Um corrimento nasal e dois espirros, depois nada. Para alguns, os resfriados são apenas um incômodo temporário. Para outros, a mesma infecção pode desencadear tosse intensa, respiração ofegante ou até mesmo um ataque respiratório intenso.
Um novo estudo realizado no Escola de Medicina de Yale mostra que essa diferença não se deve tanto ao vírus em si, mas à forma como nosso corpo reage nas primeiras horas. Os resultados, publicados na revista Cell Press Azulmostram que tudo acontece muito cedo, ao nível do nosso nariz, muito antes da intervenção do nosso sistema imunitário “clássico”.

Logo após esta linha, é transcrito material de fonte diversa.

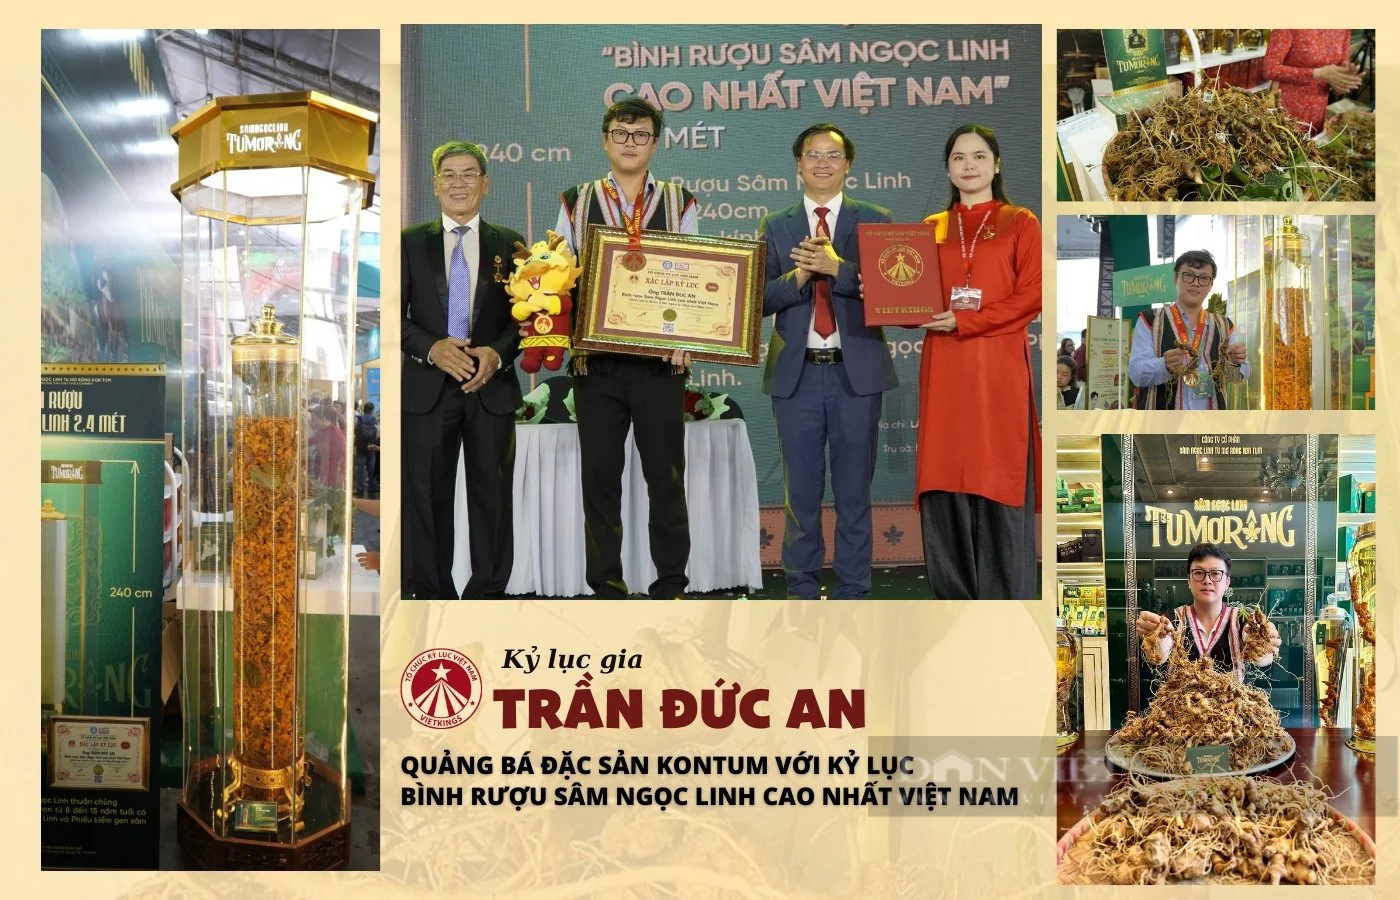 Bình rượu cao 2,4m, ngâm 10kg sâm Ngọc Linh được công nhận kỷ lục Việt Nam- Ảnh 5.

Está tudo no nariz, desde as primeiras horas
O rinovírus, principal causa de resfriados e desencadeador de ataques de asma, infecta primeiro as células que revestem as vias nasais. Essas células não são glóbulos brancos, mas possuem um sistema de defesa rápido: a imunidade inata. Sua principal arma é chamada deinterferonum molécula que alerta as células vizinhas e bloqueia a multiplicação do vírus.
Quando esta resposta é eficaz, a infecção permanece muito limitada: menos de 2% das células nasais são afectadas, o sintomas são leves e desaparecem espontaneamente.
Por outro lado, se este alerta precoce for fraco ou tardio, o vírus espalha-se ainda mais. O corpo compensa então com uma reação inflamatória muito mais agressiva, responsável por sintomas mais intensos: congestão intensa, dificuldade para respirar e até hospitalização em pessoas frágeis.
Ellen Foxman, chefe do estudo, enfatiza: “ O que está claro é que não é apenas o vírus que determina a doença. Há algo no corpo humano que realmente influencia o curso da doença. »
Quando a inflamação assume o controle da defesa antiviral
Para compreender esses mecanismos, os pesquisadores recriaram em laboratório um membrana mucosa cavidade nasal humana extremamente realista, reproduzindo tanto o interior do nariz quanto o trato respiratório, a partir de células capazes de produzir muco e pestanas.
Eles infectaram essas células com um rinovírus e bloquearam deliberadamente certas vias de defesa, a fim de observar como a infecção progredia célula por célula.
A observação é clara: quando falta interferon, oinflamação assume o controle e se torna prejudicial ao trato respiratório.
Este fenómeno é particularmente preocupante em pessoas com asma ou DPOC, nas quais a resposta ao interferão é frequentemente menos eficaz. Para eles, um simples resfriado pode ser suficiente para desencadear uma verdadeira crise respiratória.
“ Nossos experimentos organoides mostram que uma resposta interferônica rápida de células infectadas é extremamente eficaz na interrupção do rinovírus, mesmo na ausência de células do sistema imunológico. disse Bao Wang, primeiro autor do estudo.
Novas formas de prevenir formas graves de resfriado comum?
Esses resultados abrem perspectivas concretas. Em vez de atacar diretamente o vírus, poderia ser mais eficaz modular a resposta inflamatória ou fortalecer as defesas iniciais das células nasais.
“ Um dos aspectos únicos deste estudo foi poder observar milhares de células trabalhando juntas e como elas interagem para combater esta infecção comum. », resume Ellen Foxman. Em última análise, este trabalho poderá levar a novos tratamentos para prevenir exacerbações deasma ou DPOC desencadeada pelo rinovírus.
Permanece uma questão central: porque é que algumas pessoas produzem menos interferões do que outras? Genéticodoenças crônicas, meio ambiente? Os investigadores continuam agora o seu trabalho para desvendar este mistério e, quem sabe, tornar a constipação comum um pouco mais justa para todos.